Optimizations with Physical Gradients

The previous section has made many comments about the advantages and disadvantages of different optimization methods. Below we'll show with a practical example how much differences these properties actually make.

Problem formulation

We'll consider a very simple setup to clearly illustrate what's happening: we have a two-dimensional input space $\mathbf{x}$, a mock "physical model" likewise with two dimensions $\mathbf{z}$, and a scalar loss $L$, i.e. $\mathbf{x} \in \mathbb{R}^2$, $\mathbf{z}: \mathbb{R}^2 \rightarrow \mathbb{R}^2 $, and $L: \mathbb{R}^2 \rightarrow \mathbb{R} $. The components of a vector like $\mathbf{x}$ are denoted with $x_i$, and to be in sync with python arrays the indices start at 0.

Specifically, we'll use the following $\mathbf{z}$ and $L$:

$\quad \mathbf{z}(\mathbf{x}) = \mathbf{z}(x_0,x_1) = \begin{bmatrix} x_0 \\ x_1^2 \end{bmatrix}$, i.e. $\mathbf{z}$ only squares the second component of its input, and

$\quad L(\mathbf{z}) = |\mathbf{z}|^2 = z_0^2 + z_1^2 \ $ represents a simple squared $L^2$ loss.

As starting point for some example optimizations we'll use $\mathbf{x} = \begin{bmatrix} 3 \\ 3 \end{bmatrix}$ as initial guess for solving the following simple minimization problem:

$\quad \text{arg min}_{\mathbf{x}} \ L(\mathbf{x}).$

For us as humans it's quite obvious that $[0 \ 0]^T$ is the right answer, but let's see how quickly the different optimization algorithms discussed in the previous section can find that solution.

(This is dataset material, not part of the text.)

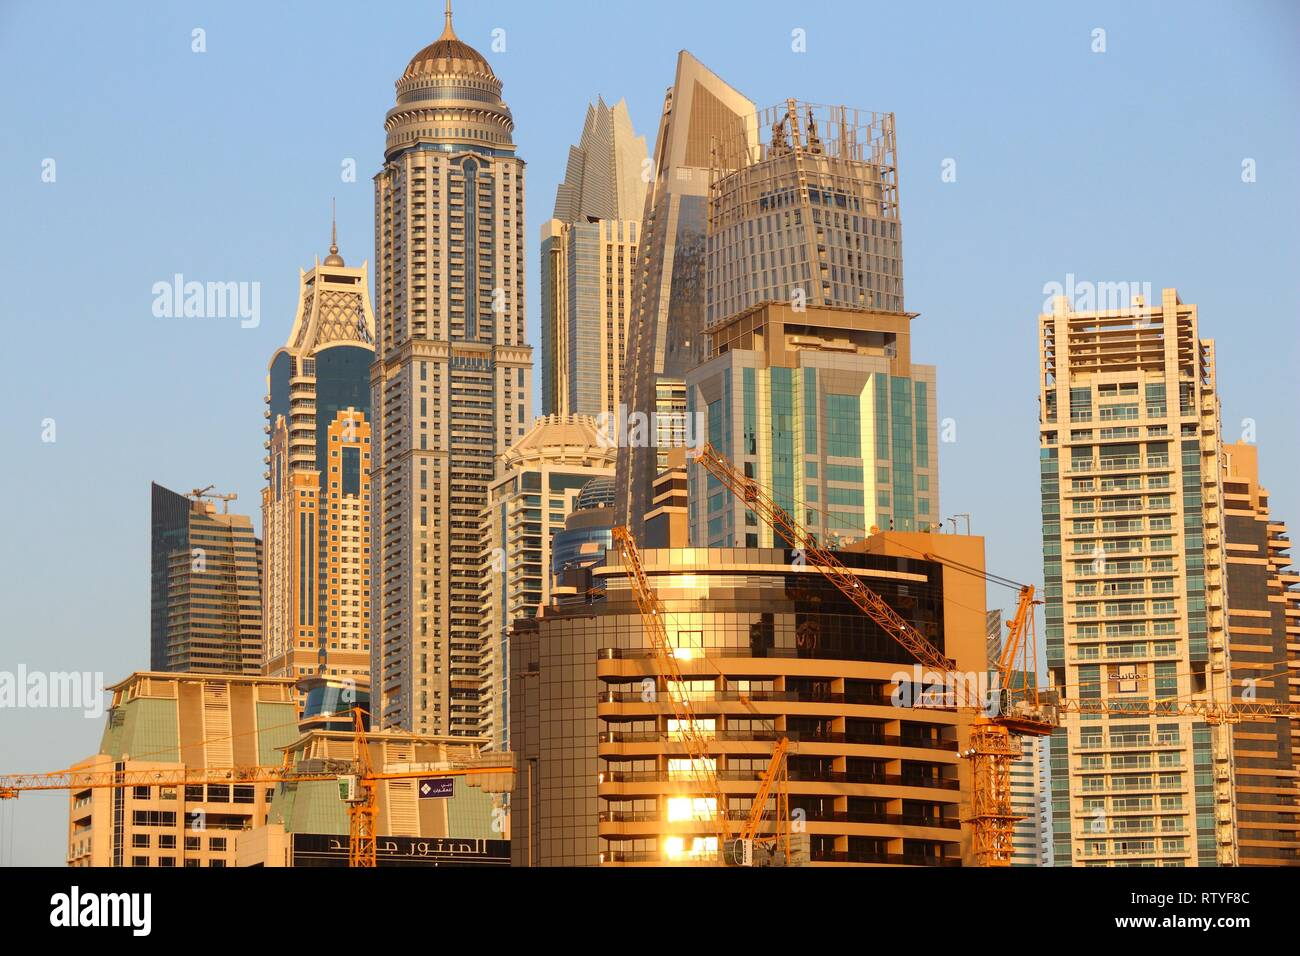 DUBAI, UAE - NOVEMBER 23, 2017: Sunset light skyline of Dubai Marina district, United Arab Emirates. Dubai is the most populous city in UAE and a majo - Stock Image

And while $\mathbf{z}$ is a very simple function, it is nonlinear due to its $x_1^2$.

3 Spaces

In order to understand the following examples, it's important to keep in mind that we're dealing with mappings between the three spaces we've introduced here: $\mathbf{x}$, $\mathbf{z}$ and $L$. A regular forward pass maps an $\mathbf{x}$ to $L$, while for the optimization we'll need to associate values and changes in $L$ with positions in $\mathbf{x}$. While doing this, it will be interesting how this influences the positions in $\mathbf{z}$ that develop while searching for the right position in $\mathbf{x}$.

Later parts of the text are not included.